Troubled online directory firm Scoot.com said today it was looking to sell the business or find a strategic partner, but that it had enough cash to trade at least until the beginning of October.
The company said that if shareholders approved the planned sale of its main asset - the Loot classified directory business - it would be able to continue to trade until May next year.
But is said remaining as a stand-alone business was less viable and it would prefer to sell up or find a partner.
The firm also announced a pre-tax loss of £171.6 million sterling for the six months to end-June, compared to a loss of £15.6 million in the same period last year.
It wrote off £108.4 million of goodwill for Loot and provided for £5.5 million in costs of its strategic review, announced in June, which would cover job cuts, relocation and costs of severing contracts.
The firm called an extraordinary shareholders' meeting for September 28th to vote on the sale of Loot to a unit of newspaper publisher Daily Mail General & Trust Plc, which is expected to complete on October 1.

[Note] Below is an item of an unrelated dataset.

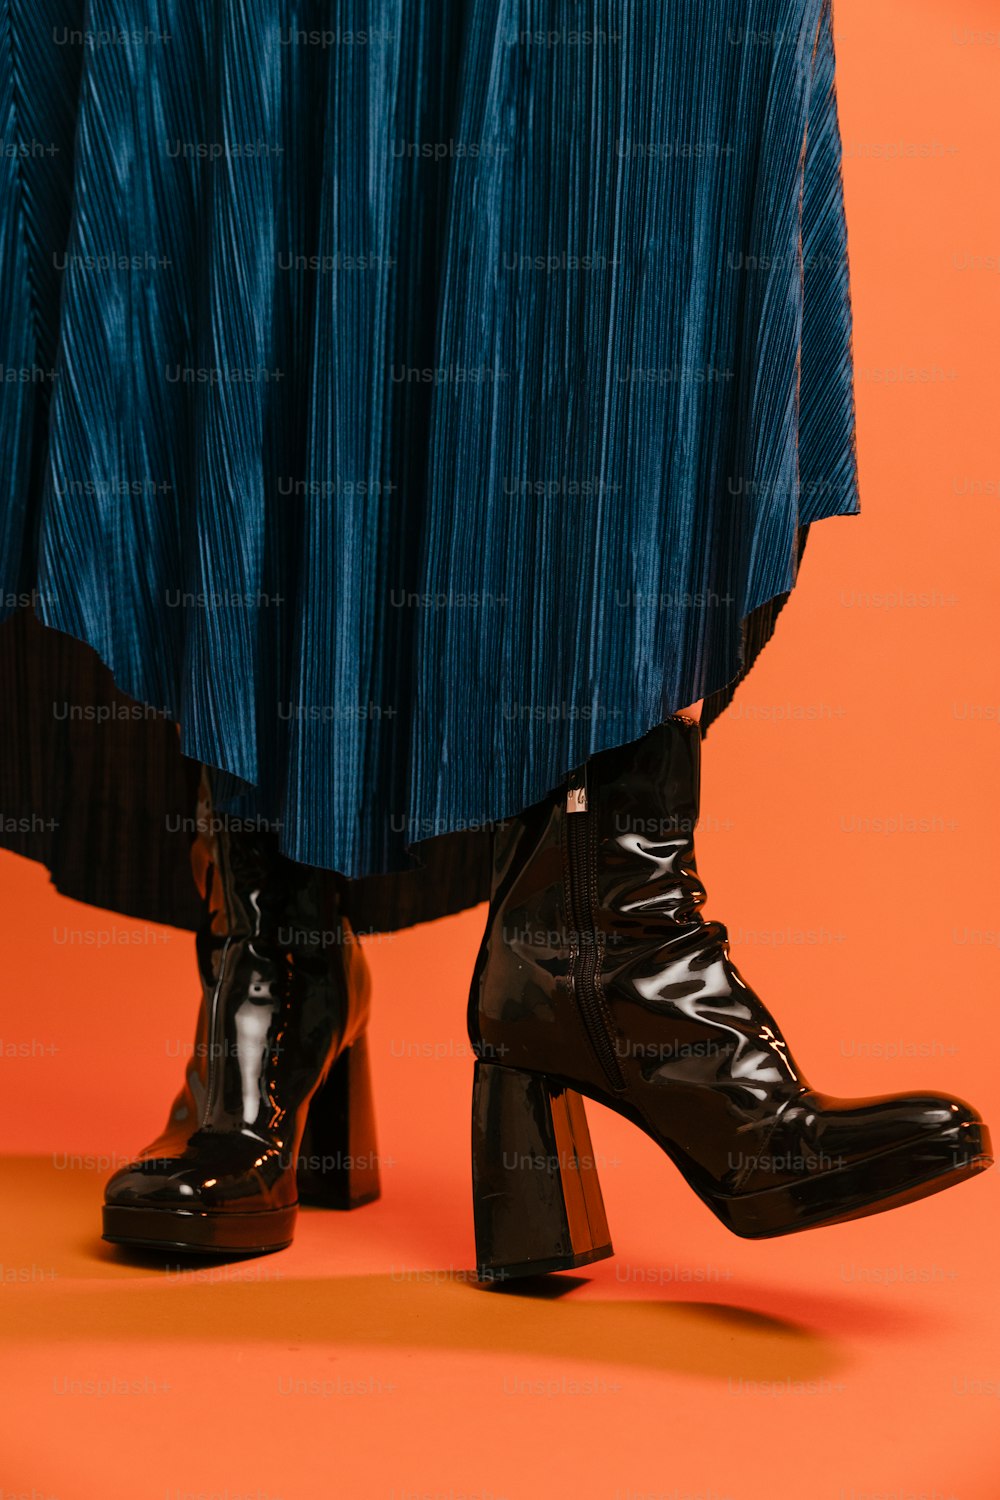 a woman's legs in high heeled black boots

The deal would bring in net proceeds of 42.8 million pounds ($63 million), of which £10.6 million would be used to repay a bridging finance facility and £17.6 million for settling outstanding convertible debentures.
Shares in Scoot, trading at a tiny fraction of their historic levels, closed at 1.4 p on Tuesday, valuing the group at about £10 million. It had reached a peak of about £2.4 billion at the height of Internet fever last year.